### [DATA PROVIDED]
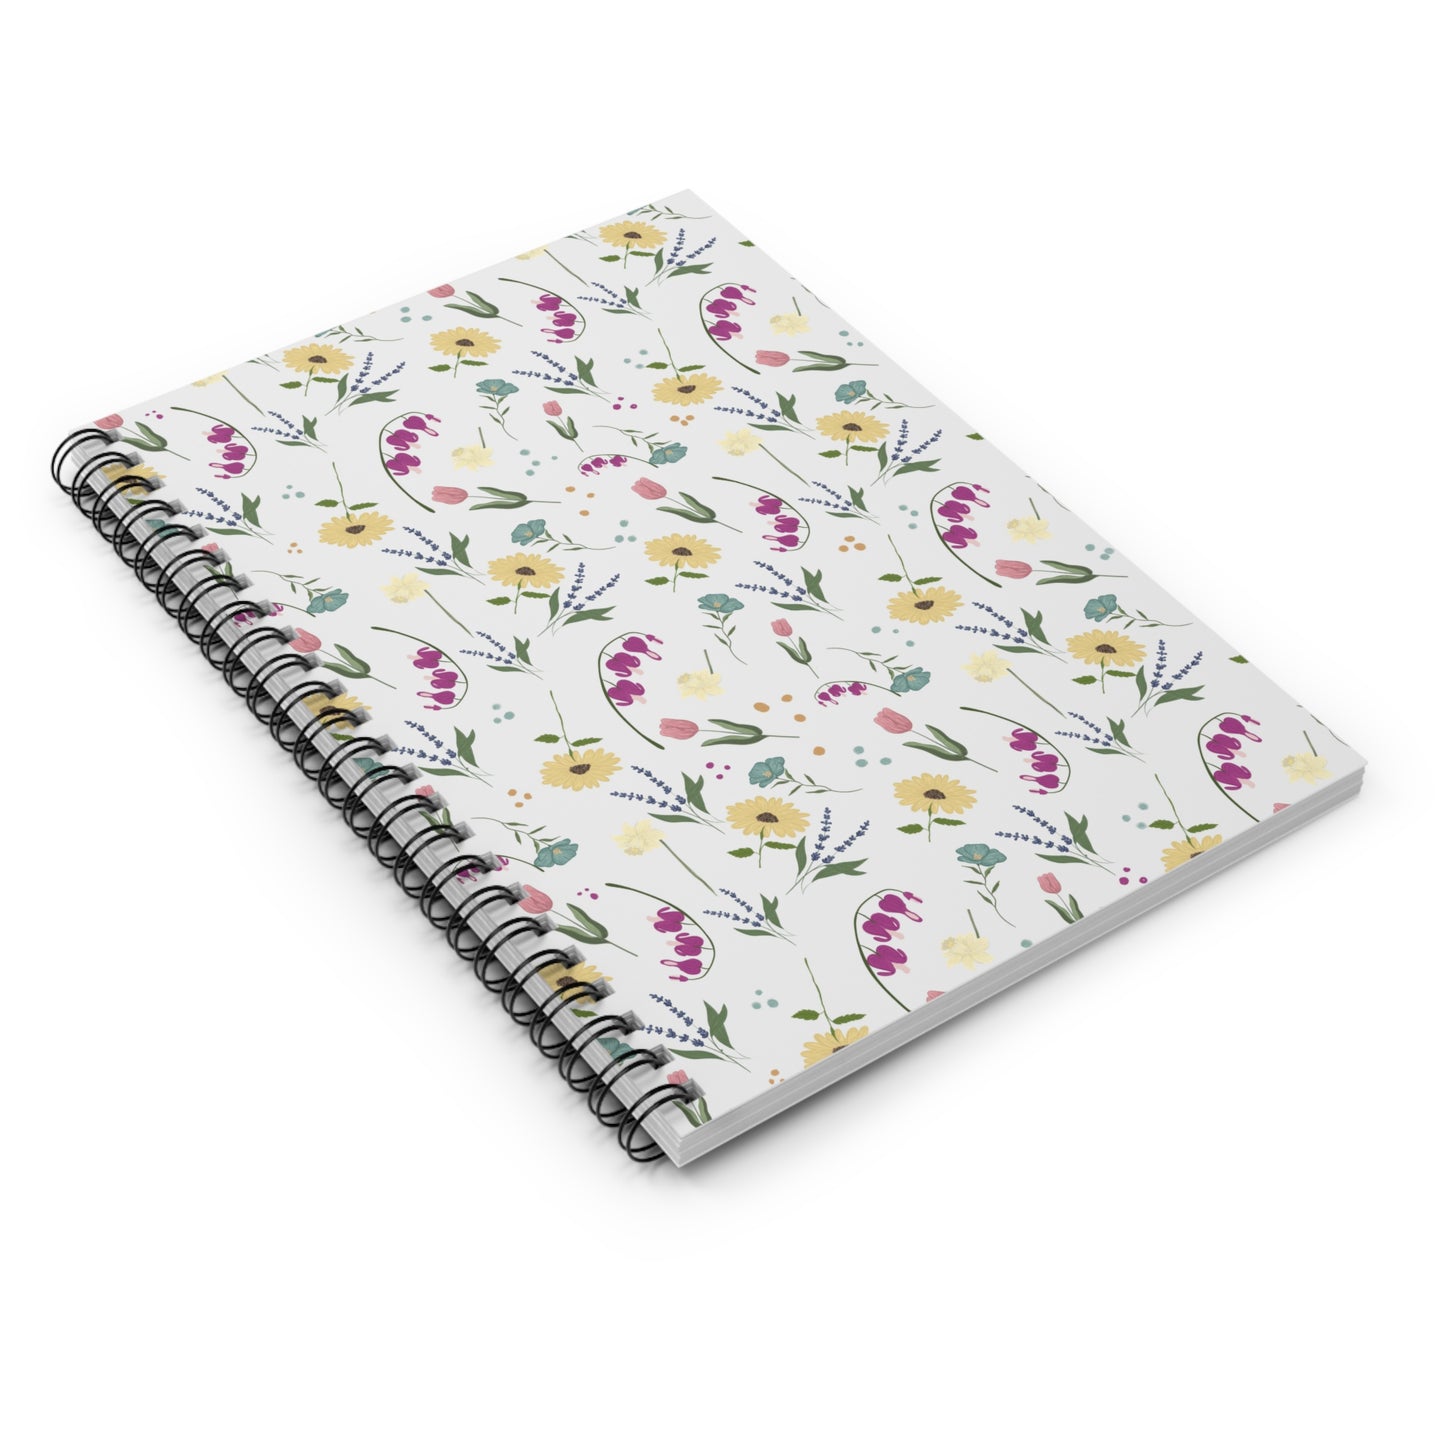 Spring Floral Spiral Notebook - Ruled Line
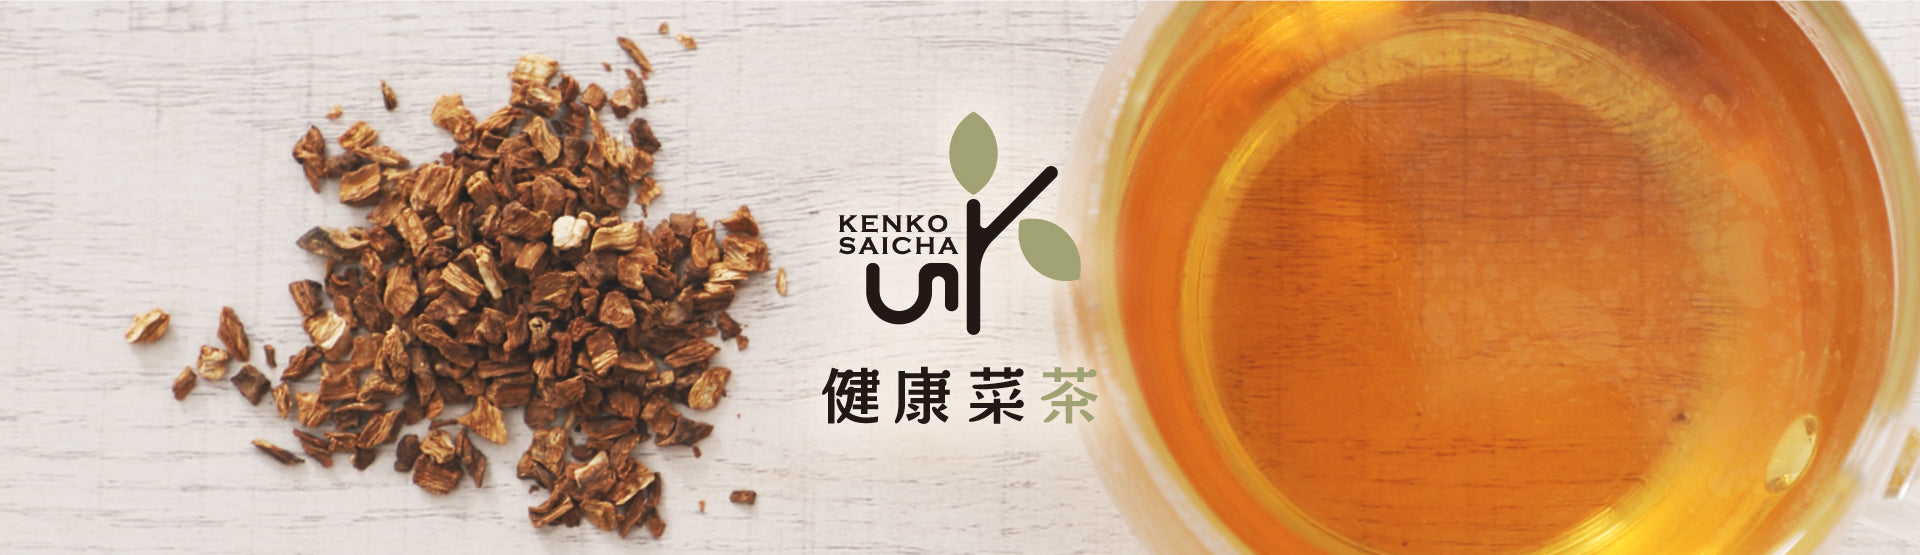 国産素材で栄養たっぷりな健康菜茶の健康茶
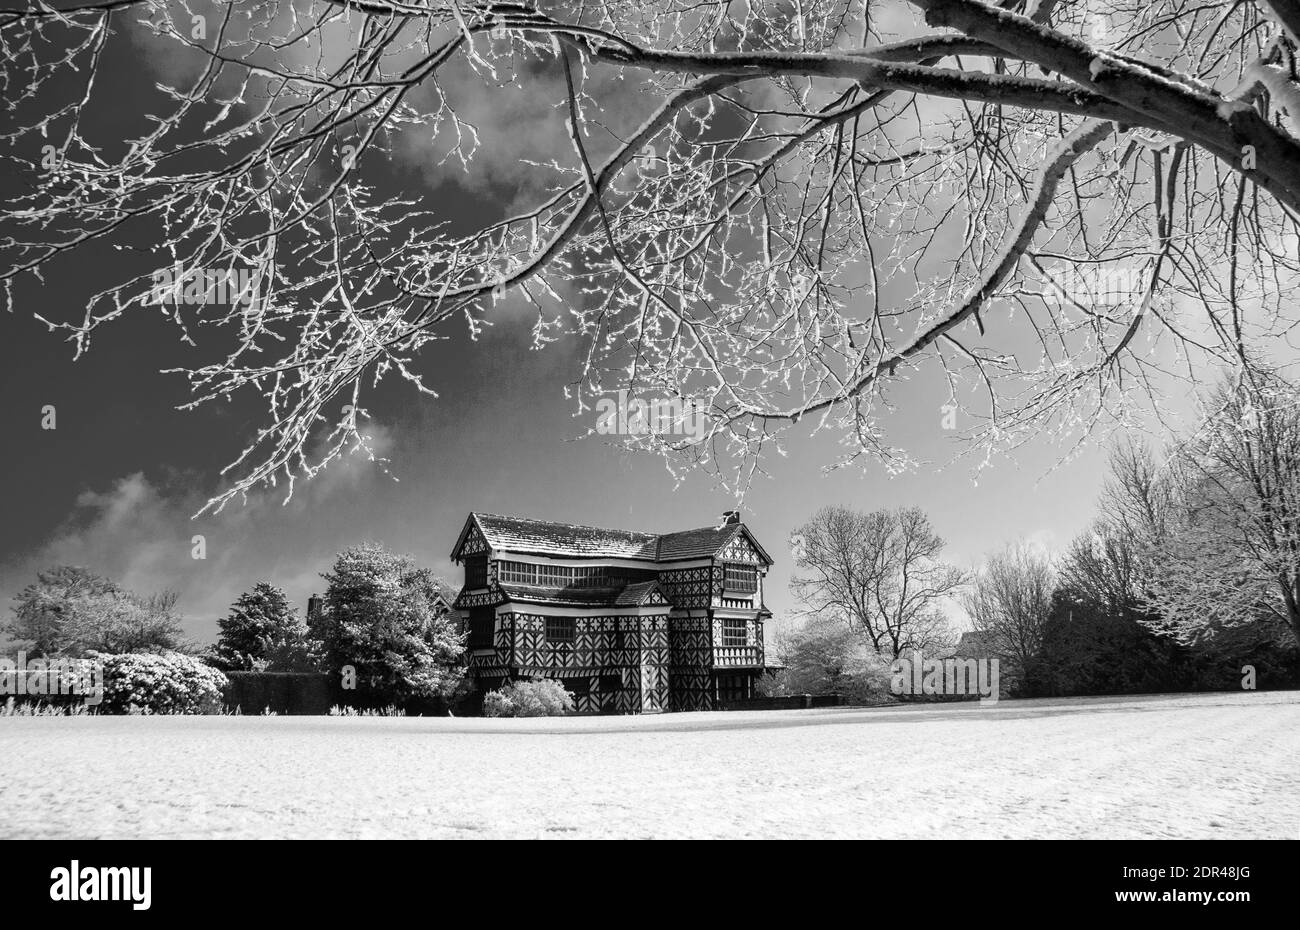 Moreton Hall un petit manoir Tudor propriété du National Trust à proximité de Congleton Cheshire Angleterre dans la neige comme vu du sud façon Cheshire Banque D'Images
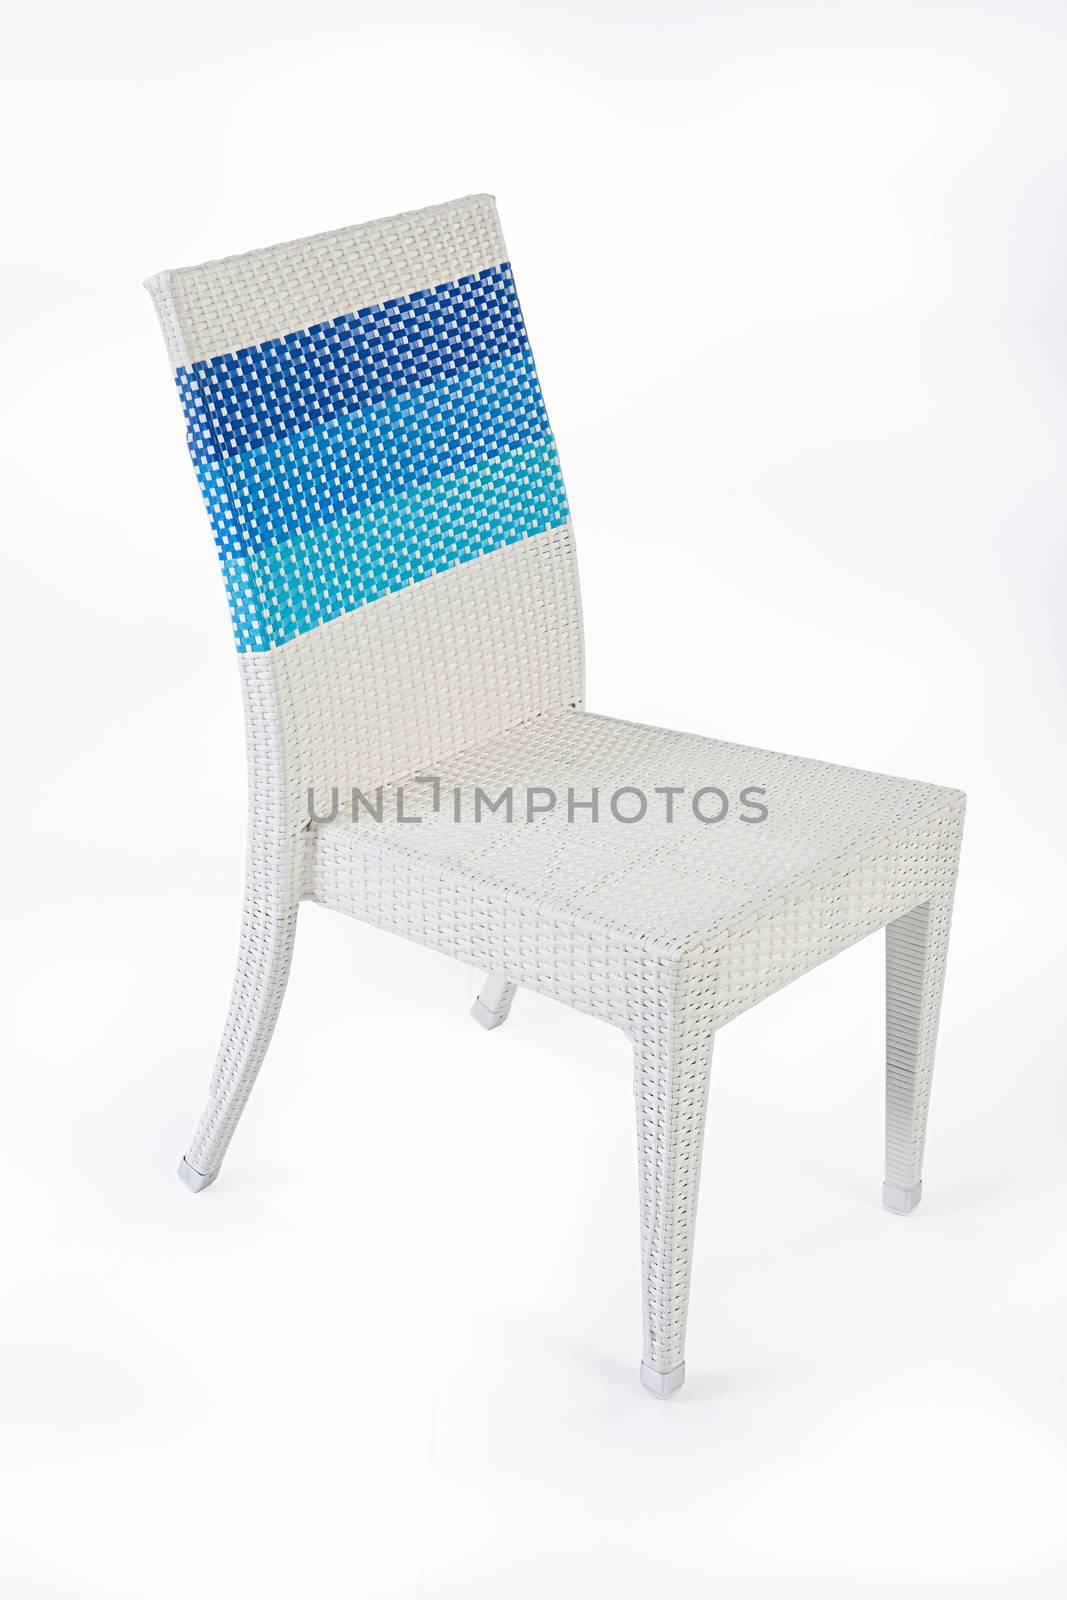 Wicker Chair by Fotoskat

### [WORK TO COMPLETE]
Reproduce the data above word for word, but leave the images out.

### [SOLVED EXERCISE]
 Spring Floral Spiral Notebook - Ruled Line
 国産素材で栄養たっぷりな健康菜茶の健康茶
 Moreton Hall un petit manoir Tudor propriété du National Trust à proximité de Congleton Cheshire Angleterre dans la neige comme vu du sud façon Cheshire Banque D'Images
 Wicker Chair by Fotoskat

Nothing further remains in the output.